Tabi burada sormak lazım! Tabi her alanda Türkiye ithalata dayalı. Ama gübre ve yem bile üretemeyip, niye ithal ediyoruz? Niye maliyet kasıtlı olarak artırılıyor? Neden ülkede üretenler ağır vergi mükellefiyetine maruz kalırken, ithal edilen ürünlerin gümrük vergileri sıfırlanıyor? Bunları herkes sorgulamalıdır!

Ekim 2019 verilerine göre yılın ilk sekiz ayında 5 milyon 457 bin ton buğday, 28 milyon ton mısır ve 175 bin ton arpa ithal edilmiştir.

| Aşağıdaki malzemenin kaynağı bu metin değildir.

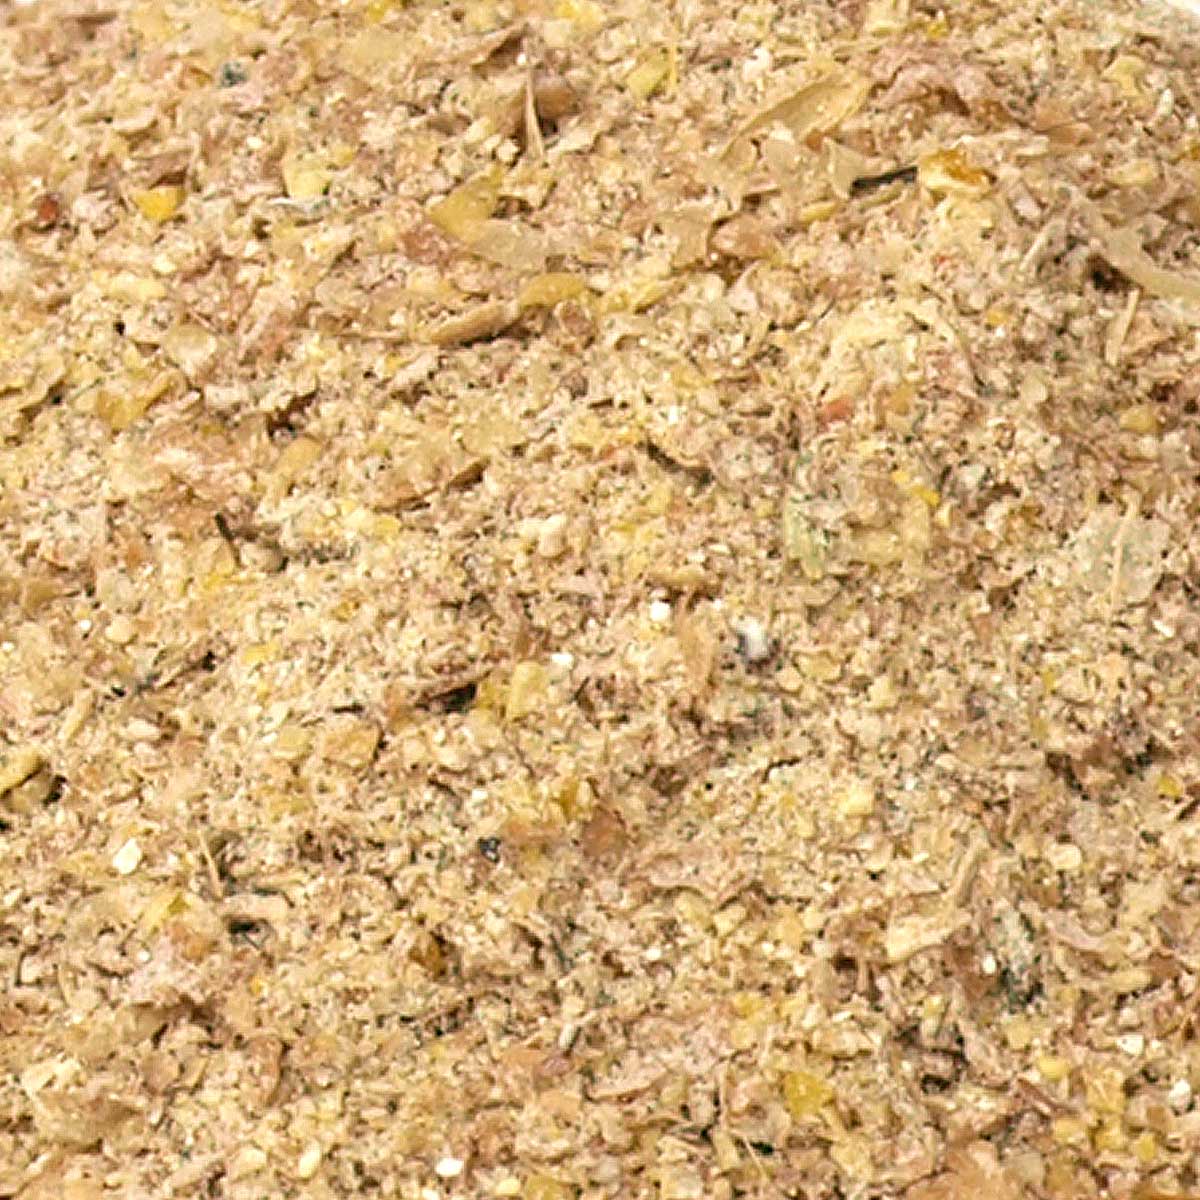 Leimüller Dvärggrisfoder Dvärggrisfoder för smågrisar 25 kg

2019 yılında; bitkisel üretimde 5 milyar 789 milyon $ ithalata karşılık, 2 milyar 697 milyon $ ihracat yapılmıştır. Hayvansal üretimde ise 465 milyon $ ithalata karşılık, 273 milyon $ ihracat yapılmıştır. Böylece ithalat ve ihracat arasındaki fark, ithalat lehine iki kata ulaşmıştır. Yani tarım ve hayvanlıkta dışa bağımlı durumdayız!

Hatırlarsanız 2018 yılında enflasyon patlaması yaşanmıştı ve patates fiyatları 8 TL üzerine bile çıkmıştı. Böyle bir dönemde biz iç savaş yaşayan ve her yönüyle savaştan dolayı bitmiş olan Suriye’den bile 4 bin ton patates ithal etmiştik. Zeytin Dalı Harekatı ile kontrol altına alınan bölgeden bu ithalatı gerçekleştirmiştik! Ülkenin düştüğü durumu oturun siz düşünün ve ağlayın!

Sonuç

Haşmetli iktidarımız; tarım ve hayvancılık sektörünü, yanlış politikalarla kurutmuştur. Artan tarımsal üretim maliyeti ve yüklü vergiler, gıda enflasyonunun yüksek olmasına sebep olmuştur. Tohumculuk kanunu ile üretim maliyeti dahada artmış ve bunun yanında üretim kalitesi düşmüş, bereket ortadan kalkmıştır!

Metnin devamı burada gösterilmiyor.